§ YOUR GOAL:
Each line of the data below goes into the copy exactly; pictures do not.

§ DATA SECTION:
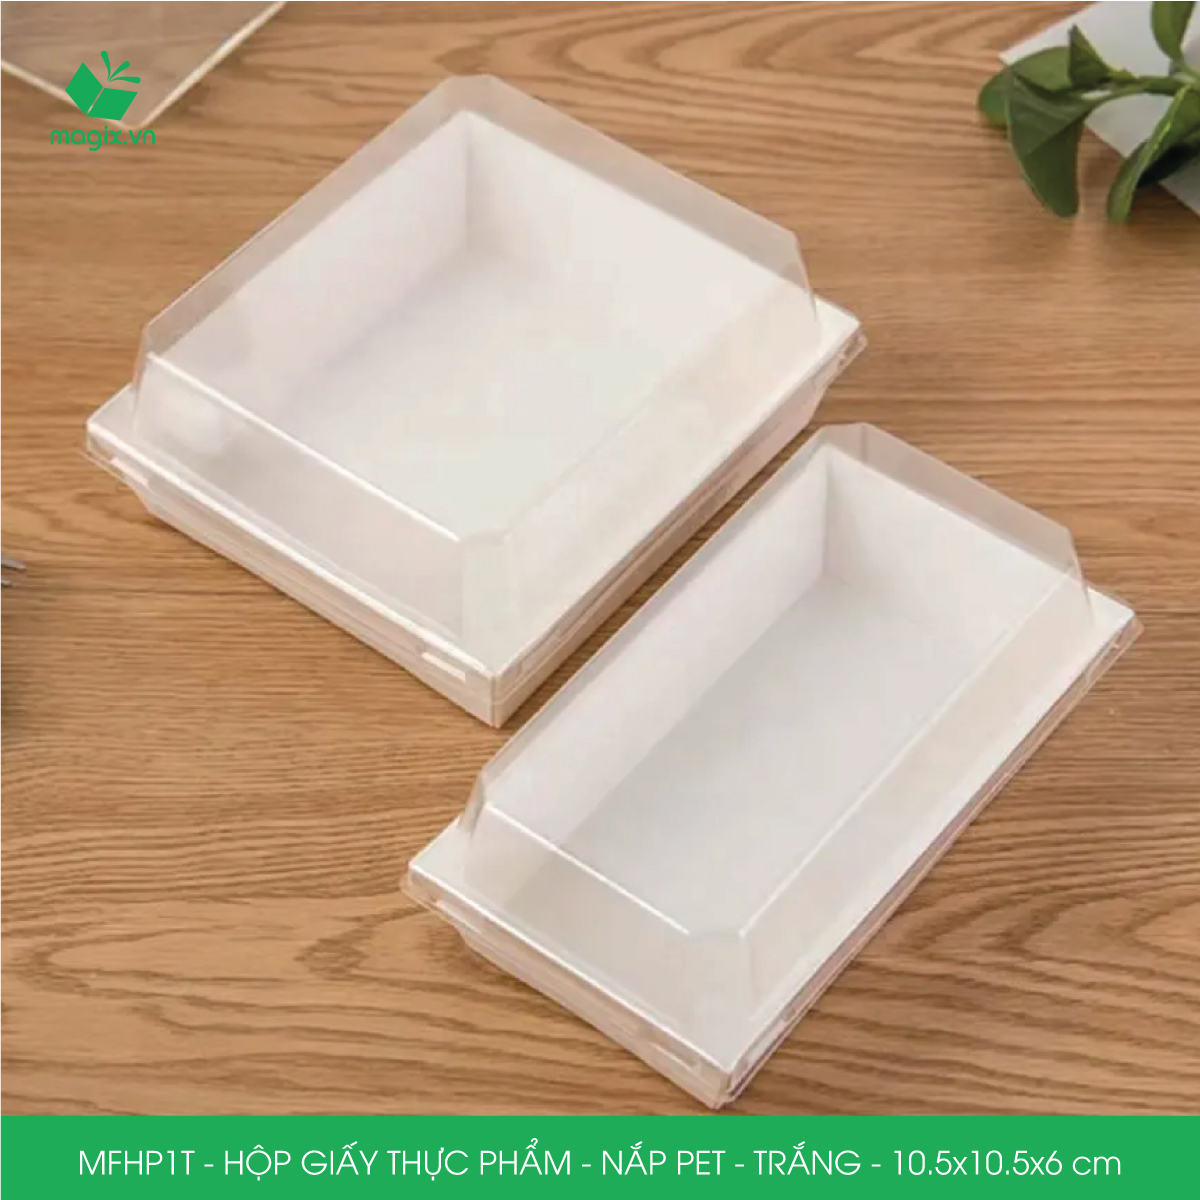 MFHP1T - 10.5x10.5x6 cm - 25 hộp giấy thực phẩm màu trắng nắp Pet, hộp giấy vuông đựng thức ăn, hộp bánh nắp trong
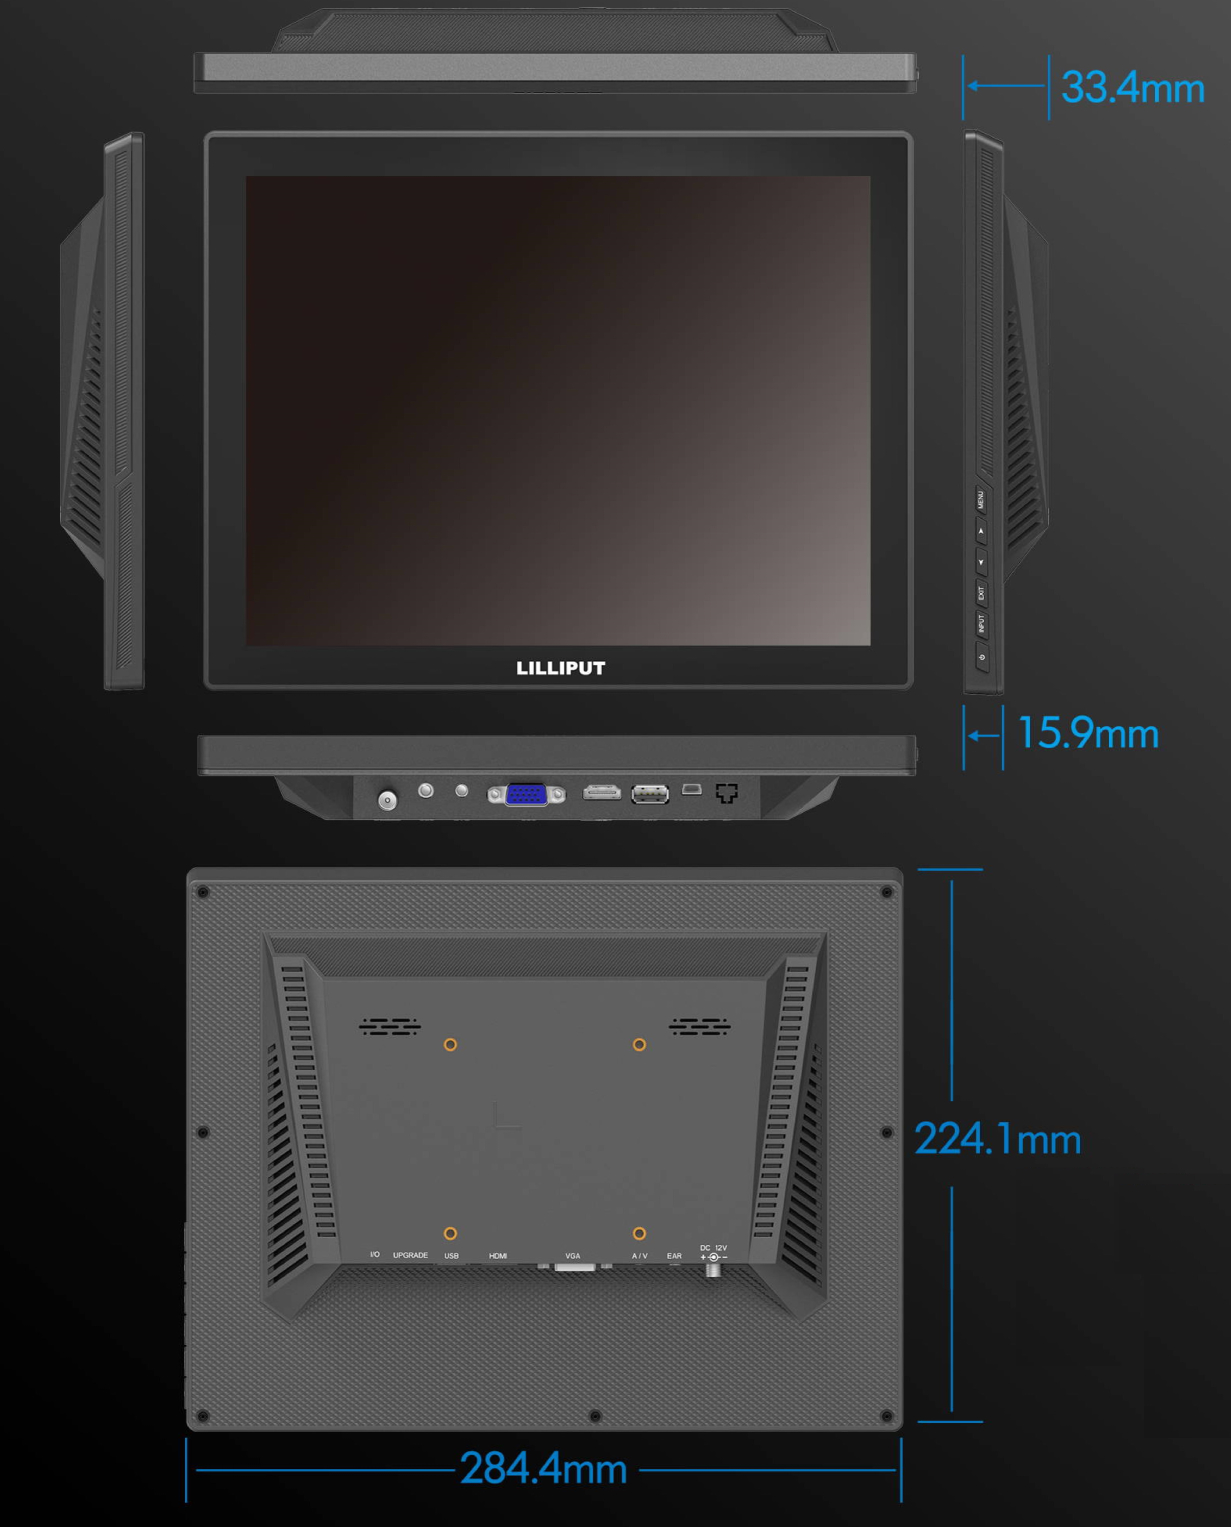 39230円 クラシック Lilliput Fa1045-np c t DVI Hdmi VGA Touchscreen Monitor With 75mm Vesa Hole By Viviteq by
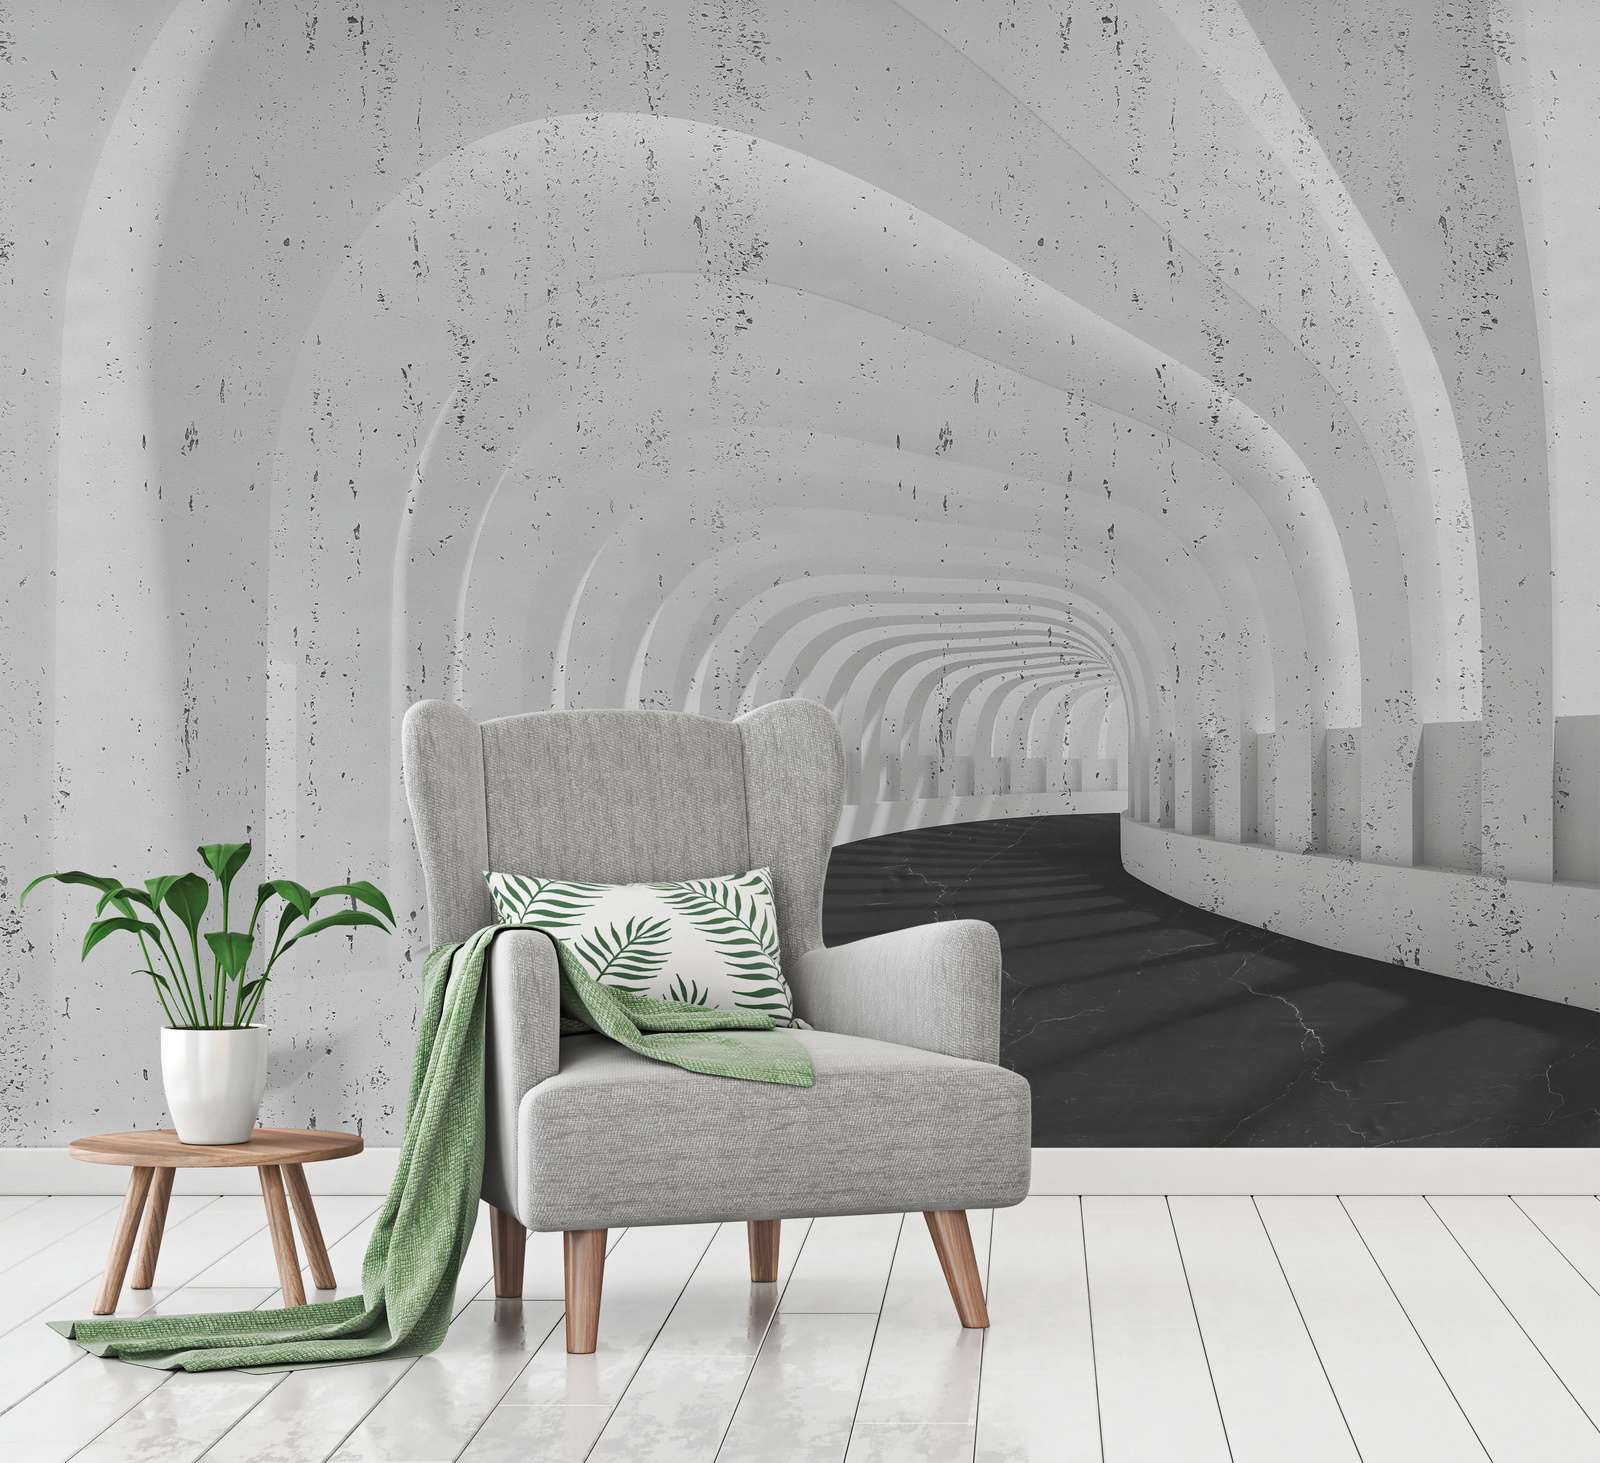             Fototapete 3D Tunnel aus Beton mit Bögen – Grau, Schwarz

§ OUTPUT FOR THIS TASK:
 MFHP1T - 10.5x10.5x6 cm - 25 hộp giấy thực phẩm màu trắng nắp Pet, hộp giấy vuông đựng thức ăn, hộp bánh nắp trong
 39230円 クラシック Lilliput Fa1045-np c t DVI Hdmi VGA Touchscreen Monitor With 75mm Vesa Hole By Viviteq by
             Fototapete 3D Tunnel aus Beton mit Bögen – Grau, Schwarz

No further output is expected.